Showing posts with label hebrew. Show all posts
Showing posts with label hebrew. Show all posts

Sunday, December 16, 2007

Interesting Loan Words

Two interesting I stumbled across while looking across my vocabulary lists today: the first was karaoke, which, of course, was familiar to me, while the second one was alcazar. As usual with me, the question "where the heck does karaoke come from?" popped into my mind. The short, sharp syllables left my suspecting Japanese, so I went online to see what I could dig up. Well, this is what I discovered:
カラオケ, which is split up into the two words カラ kara "empty" and オケ oke "orchestra." But that's not the end. Oke sounds suspiciously like orchestra, doesn't it? Hmmmm, well what do you know, Japanese actually borrowed orchestra from English and Japanized it into okesutora, then shortened that to oke and tacked on kara at the beginning (actually, if you've taken any Japanese martial arts, you should know that kara means empty: karate 空手 means "empty hand")! So what we end up having is English borrowing from Japanese, borrowing from English.

The second word, alcazar, struck me as distinctly Spanish. Because Spain was occupied by the Moors for about 750 years, Castilian borrowed many nouns from Arabic, a large majority of which began with al, corresponding to the definite pronoun ال al, akin to the Hebrew ה ha (for a list of noun borrowed from Arabic, click here; some examples are albacora, alcohol, alcoba, alfalfa, etc.).
But anyhow, back to the issue at hand. After removing the "al," and finding its definition in English to be "citadel, fort," I realized that just the previous day, I had learned in my "Teach Yourself Arabic" book (yes, ambitious, I know) that the word for castle was القصر al-qaṣr, (which, by the way, struck me as unusual, because what would be the related root קצר q.ṣ.r. in Hebrew actually means "to cut, shorten." Anyhow, I thought nothing of it until today.) which sounded pretty darned similar. So... yeah, I looked it up. Turns out it's not a Semitic root at all! Arabic actually borrowed it from the Latin castrum, meaning "fort." So we end up having a Romance language borrowing from Arabic, which in turn borrows from the mother of Romance tongues, good old Latin.

Thursday, December 13, 2007

Modern Hebrew in Yiddish

When Hebrew was revived by Eliezer ben-Yehuda at the end of the 19th century, he intended to recreate the biblical language that governed the lives of the Jews for thousands of years.
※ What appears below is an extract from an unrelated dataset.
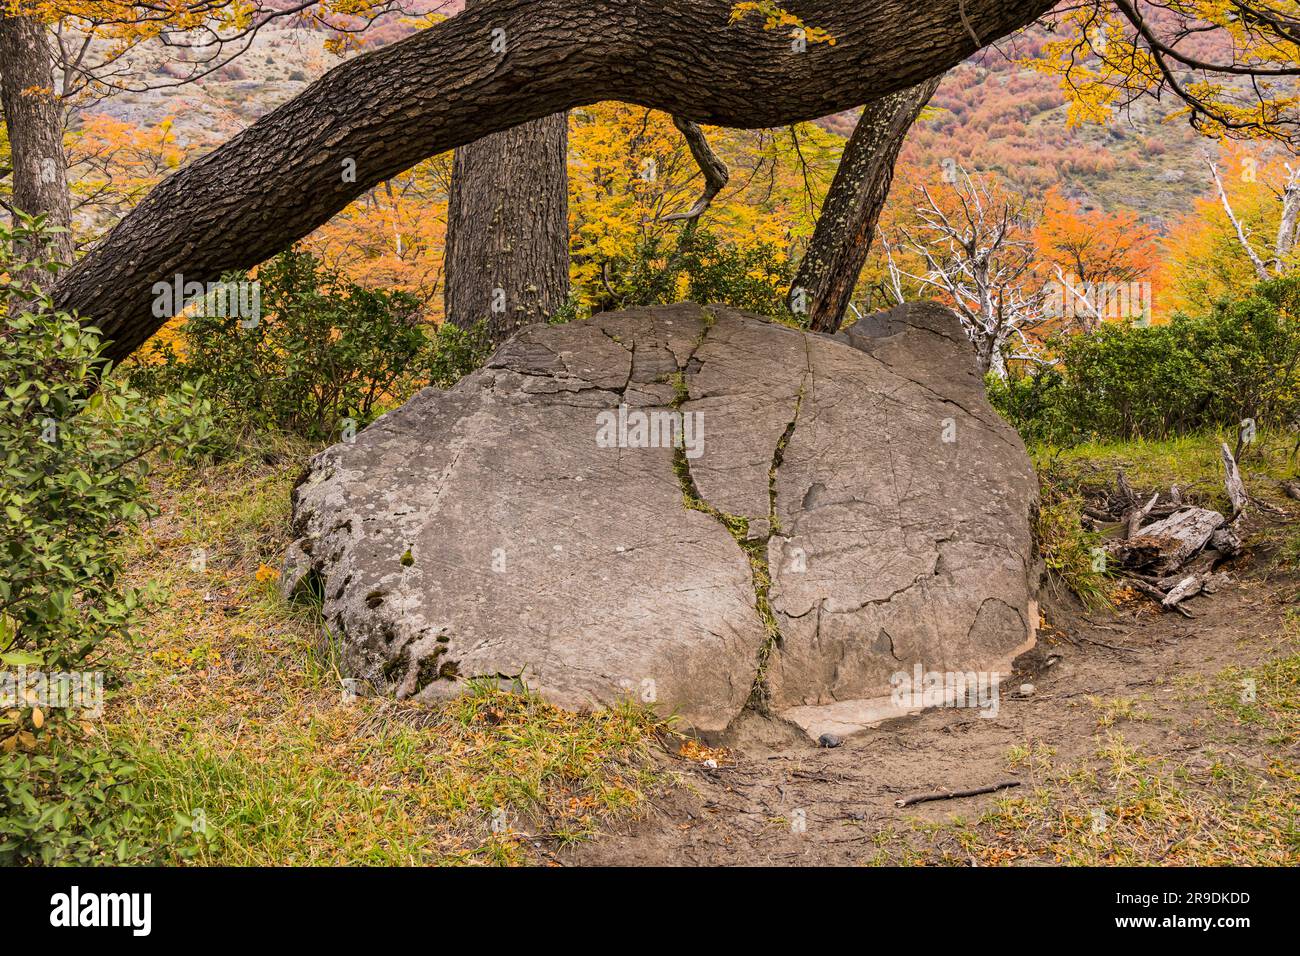 A prominent rock under an autumn colored tree on a path in Torres del Paine National Park near Grey Glacier, Chile, Patagonia, South America Stock Photo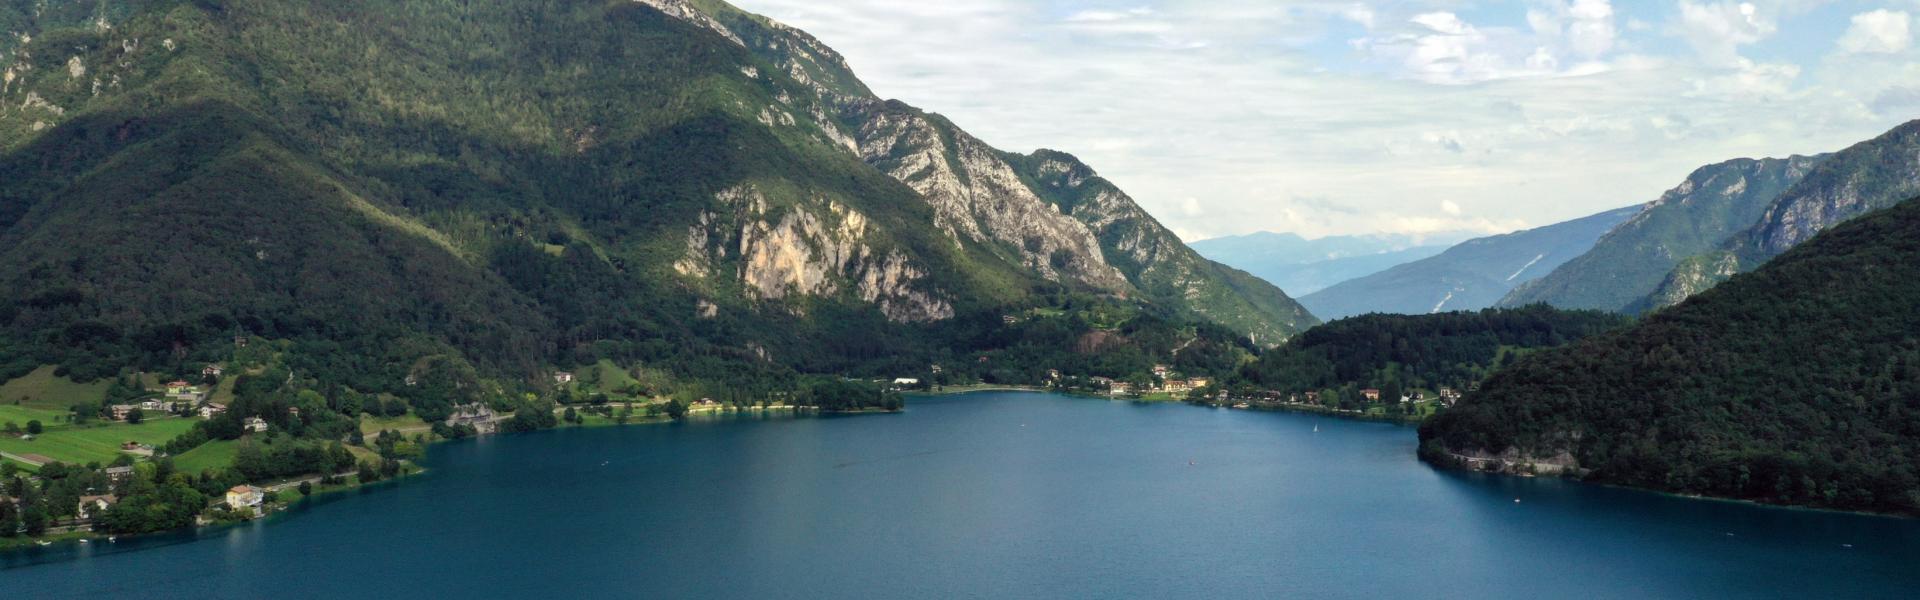 Find the ideal holiday home by Lake Ledro for your Italian adventure - Casamundo

He attempted to reject the shtetl lifestyle and start where ancient times had left off. However, the fact remains that his native language was Yiddish and this was the language he spoke for a significant portion of his life. As a result, much of the grammar, phonology, vocabulary, and idioms present in Modern Hebrew came from Yiddish.


Take, for example, the Hebrew לפרגן l'fargen: to celebrate in the success of others. Like many other super-modern verbs in Hebrew, this verb clearly does not have a 3-letter root like Ancient Hebrew verbs. Similar to להשתכנז l'hishtaknez, taken from the word אשכנזי Ashkenazi and meaning "to become Ashkenazi," this word was taken and forced into a Hebrew conjugation. In our case, לפרגן took the Yiddish verb פֿאַרגינען farginen and put it into בנין פיעל binyan pi'el, a common verb structure in Hebrew. Two more examples are להשפריץ l'hashpritz and להשװיץ l'hashvitz, which came from שפּריצן shpritsn and שװיצן shvitsn, respectively. And before you know it, it sounds like a natural Hebrew word. Amazing. I don't know if too many other languages exhibit this phenomenon of so easily assimilating and, yes, even conjugating words of foreign origin.

And how about this: שם קבור הכלב sham kavur hakelev, literally meaning "that's where the dog is buried," but carrying the idiomatic meaning of "that's where the problem is." This, too, was, consciously or otherwise, brought into Hebrew through native Yiddish-speakers and ultimately became accepted as a natural Hebrew idiom. In Yiddish, it is דאָ ליגט דער הונט באַגראָבן do ligt der hunt bagrobn. Actually, the classic Yiddish translation of Hamlet's famous "to-be-or-not-to-be" soliloquy starts with the lines זײַן אָדער נישט זײַן? דאָ ליגט דער הונט באַגראָבן zayn oder nisht zayn? Do ligt der hunt bagrobn.